## Dataset content
- - - - -

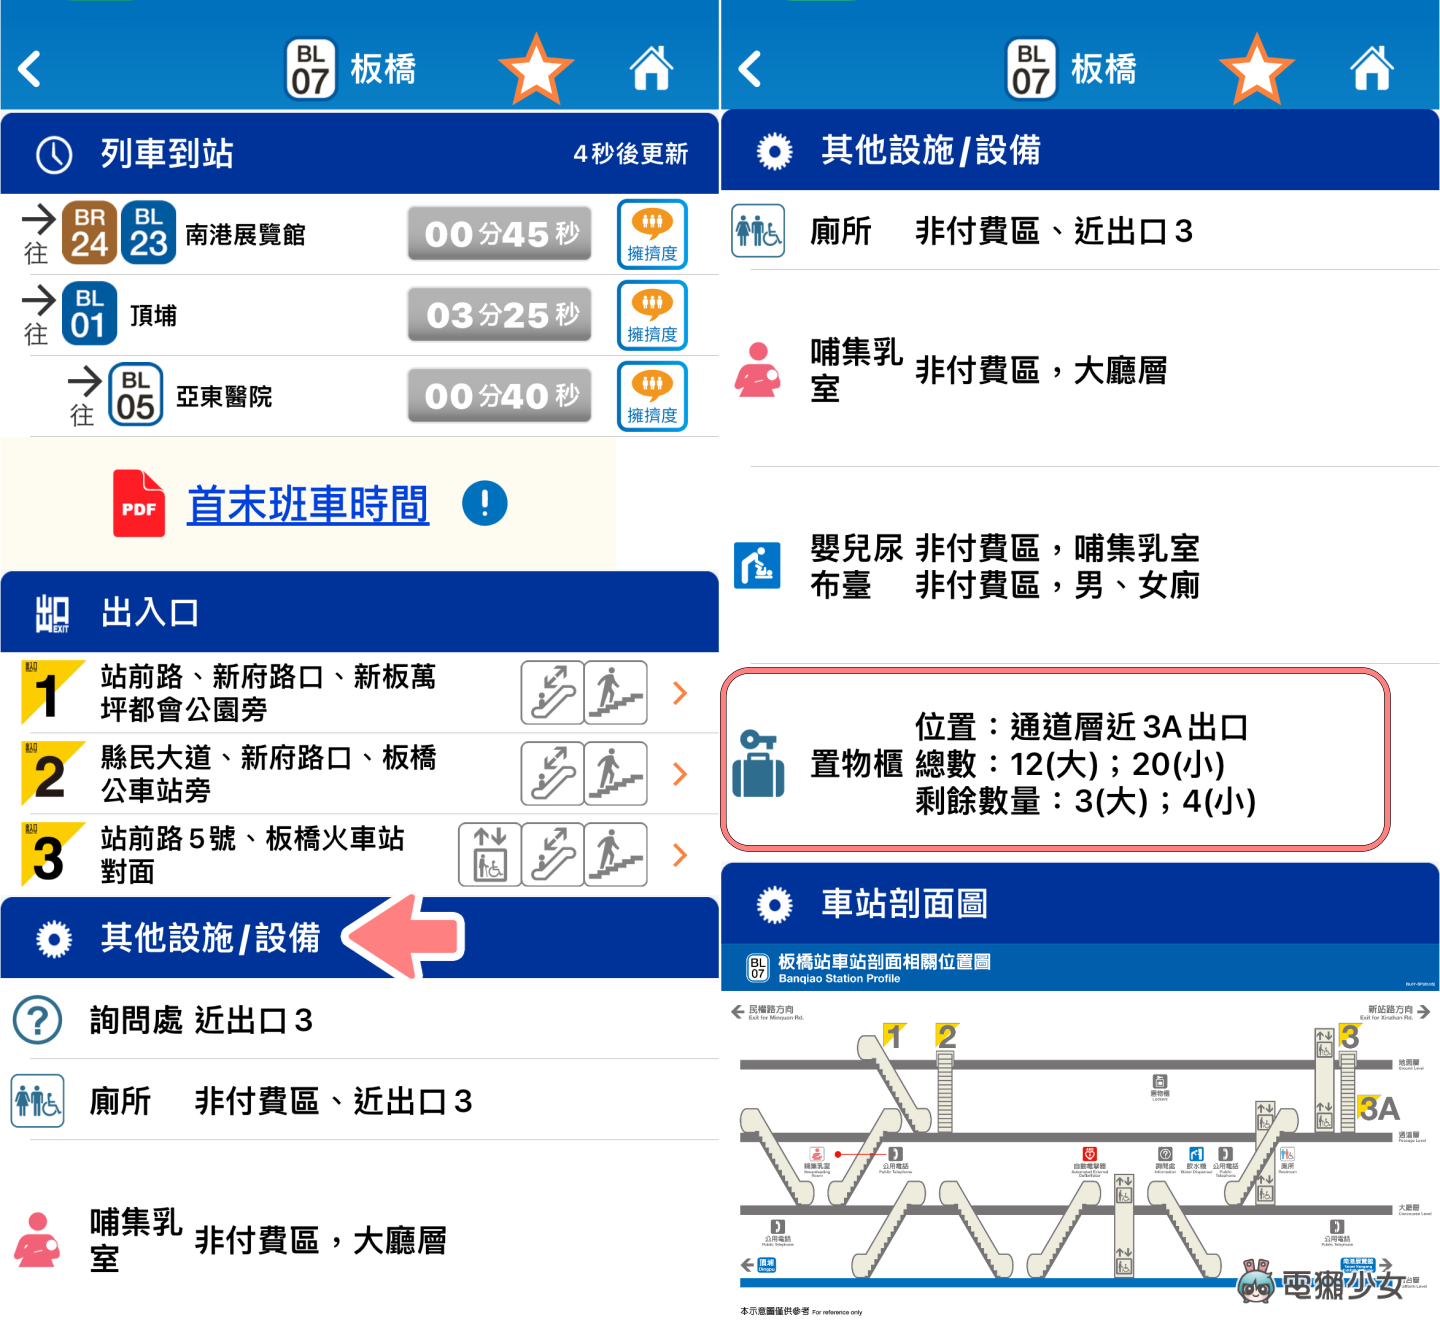 超方便！『 台北捷運 GO 』可查詢列車擁擠程度、各站置物櫃剩餘數量、即時顯示到站時間
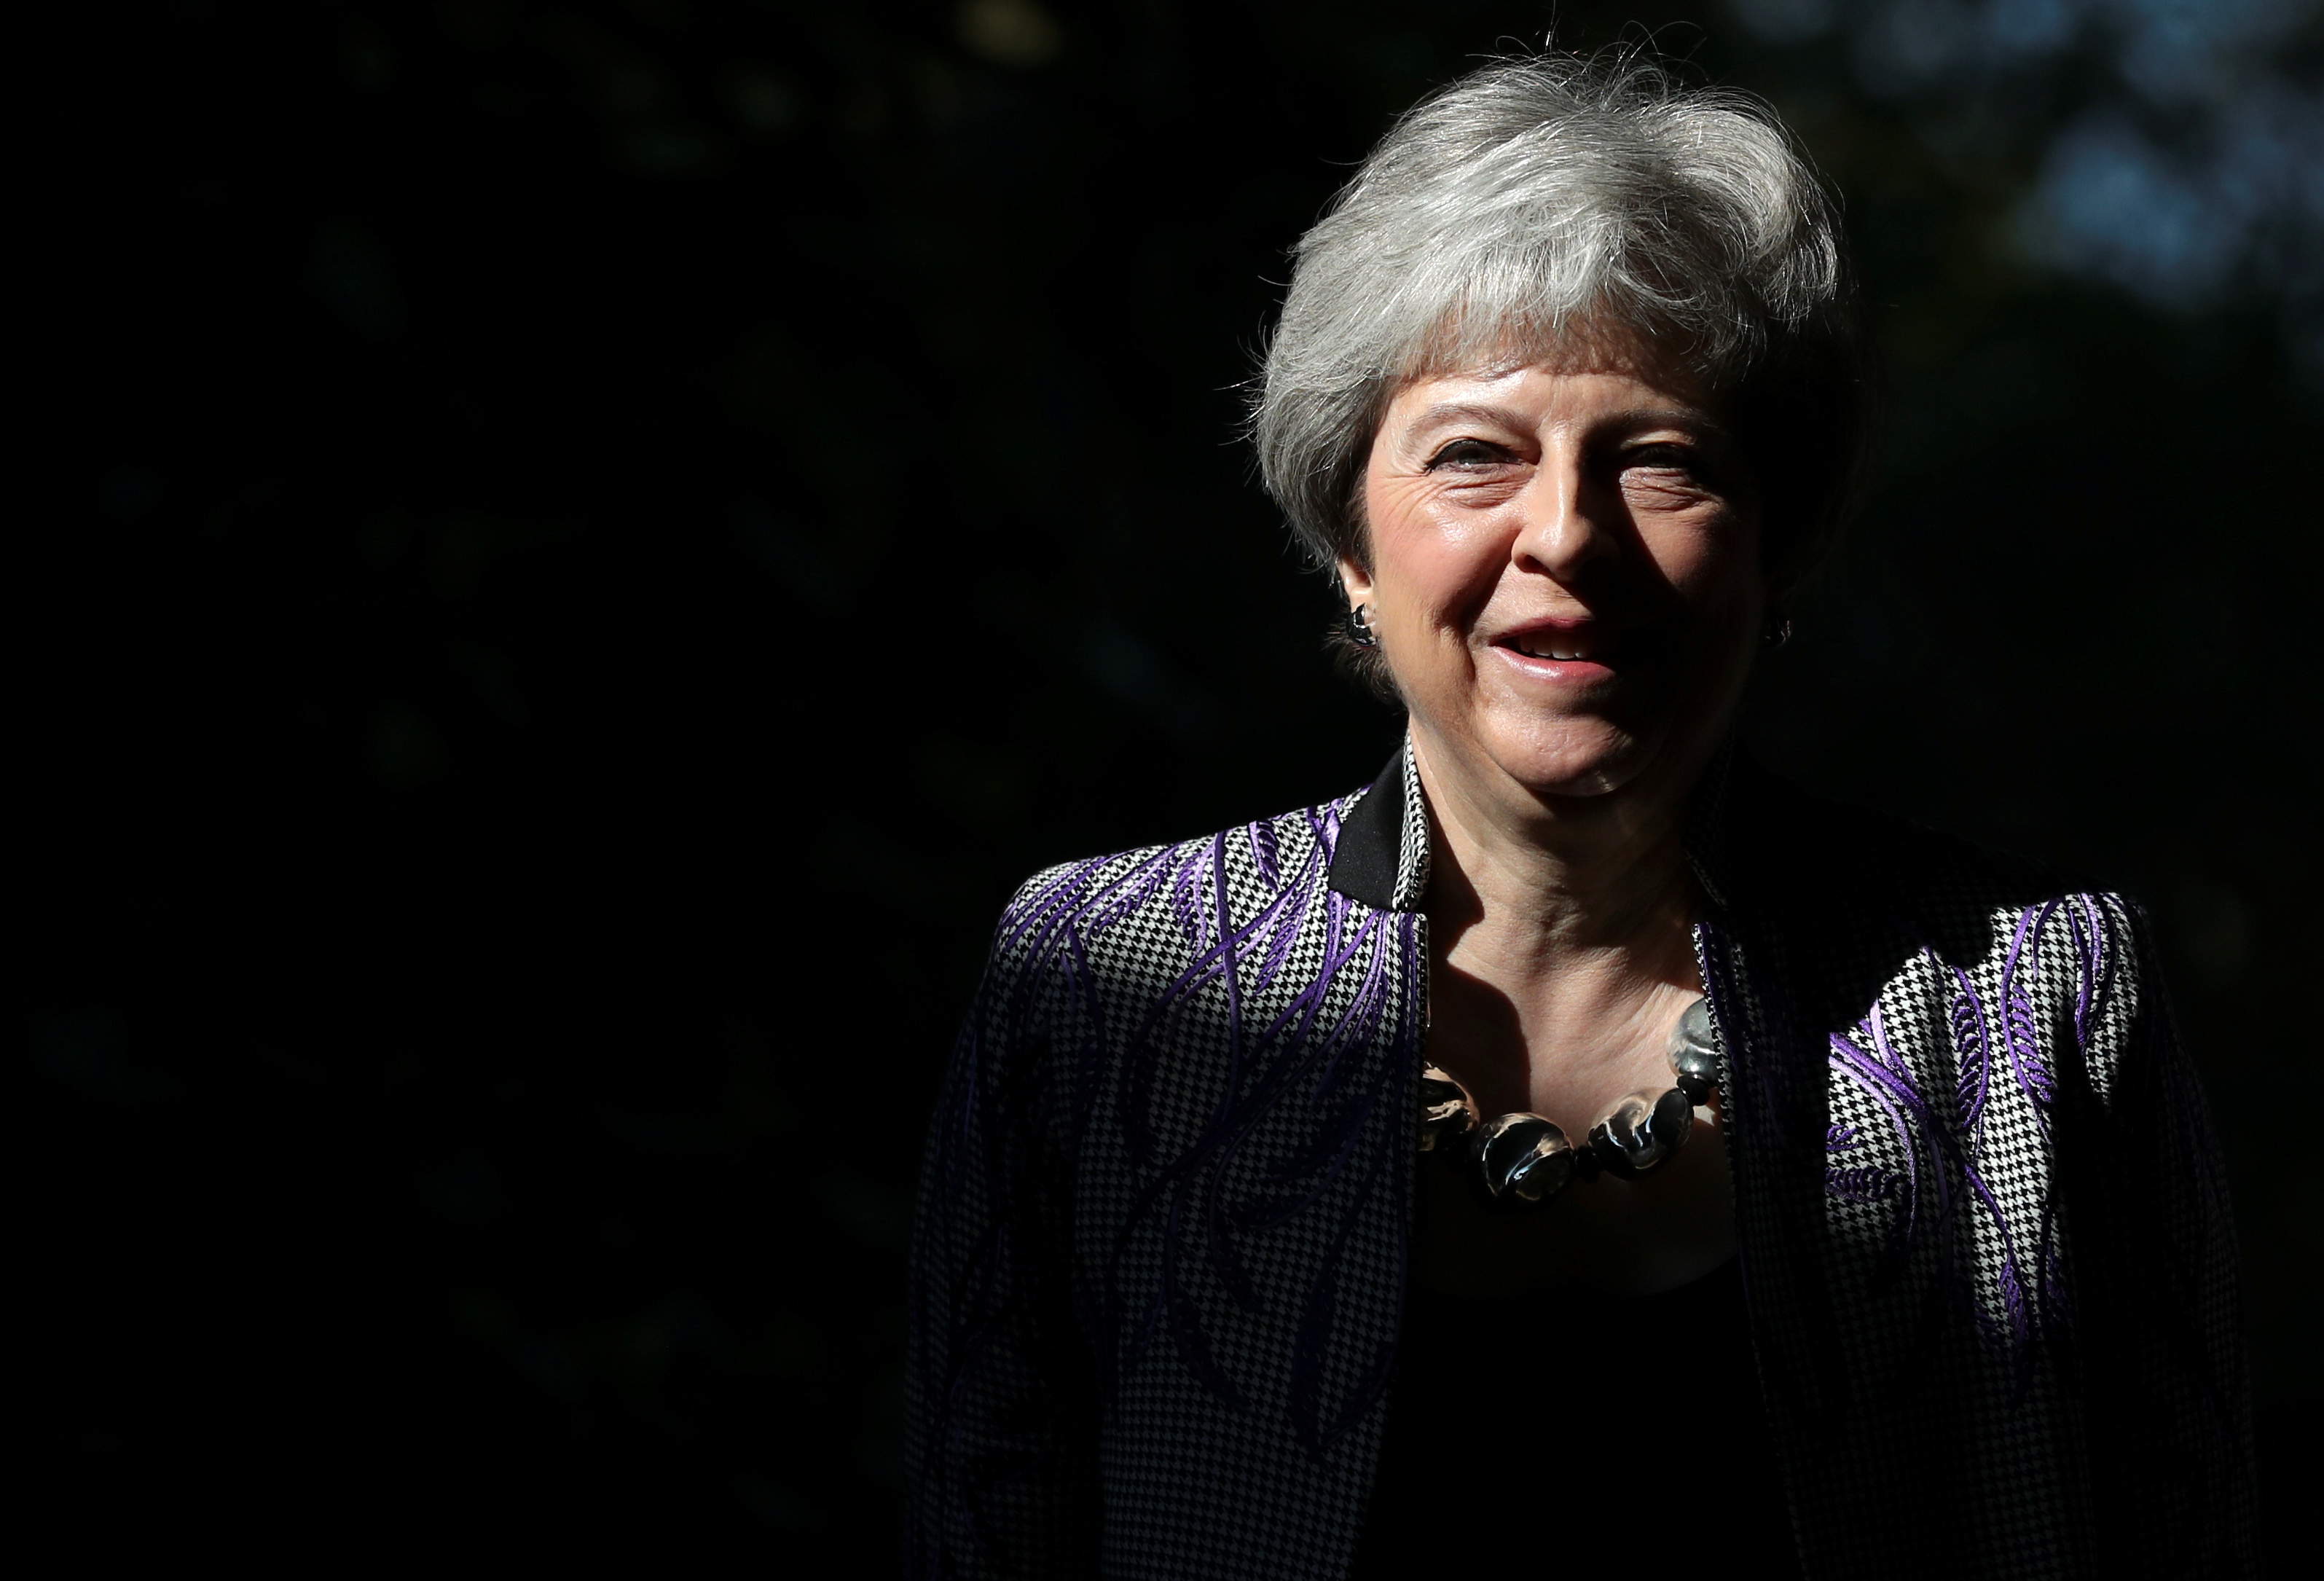 Affaire Huawei en Grande-Bretagne : le ministre de la Défense viré par Theresa May
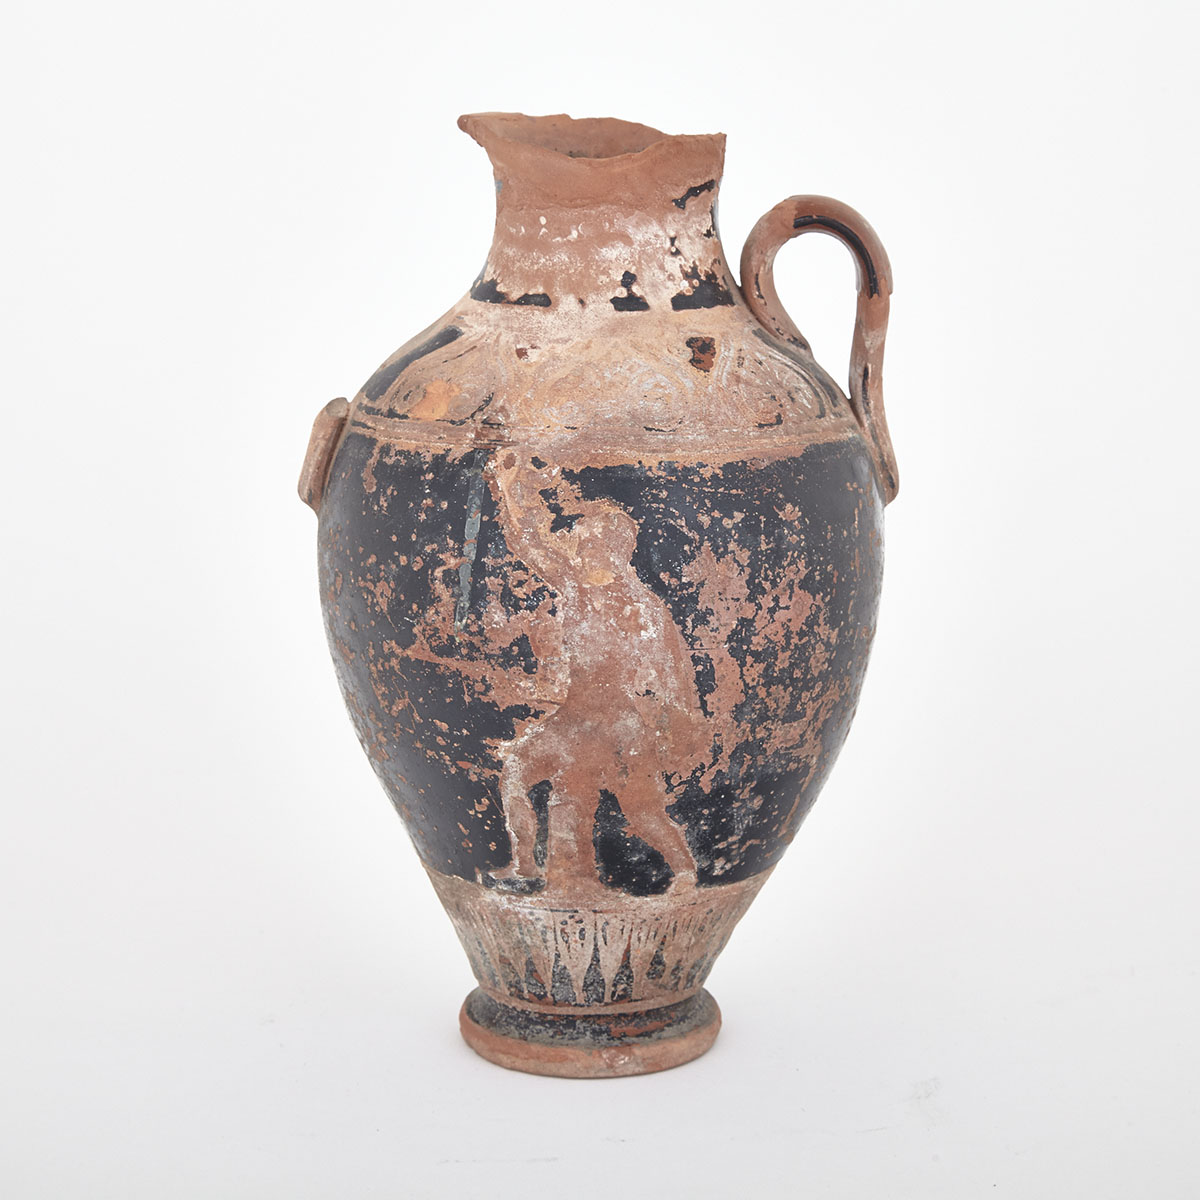 Attic Red Figured Neck Amphora, 5th century BC

- - - - -

The job here is to retype the data exactly, with no pictures included.

 超方便！『 台北捷運 GO 』可查詢列車擁擠程度、各站置物櫃剩餘數量、即時顯示到站時間
 Affaire Huawei en Grande-Bretagne : le ministre de la Défense viré par Theresa May
 Attic Red Figured Neck Amphora, 5th century BC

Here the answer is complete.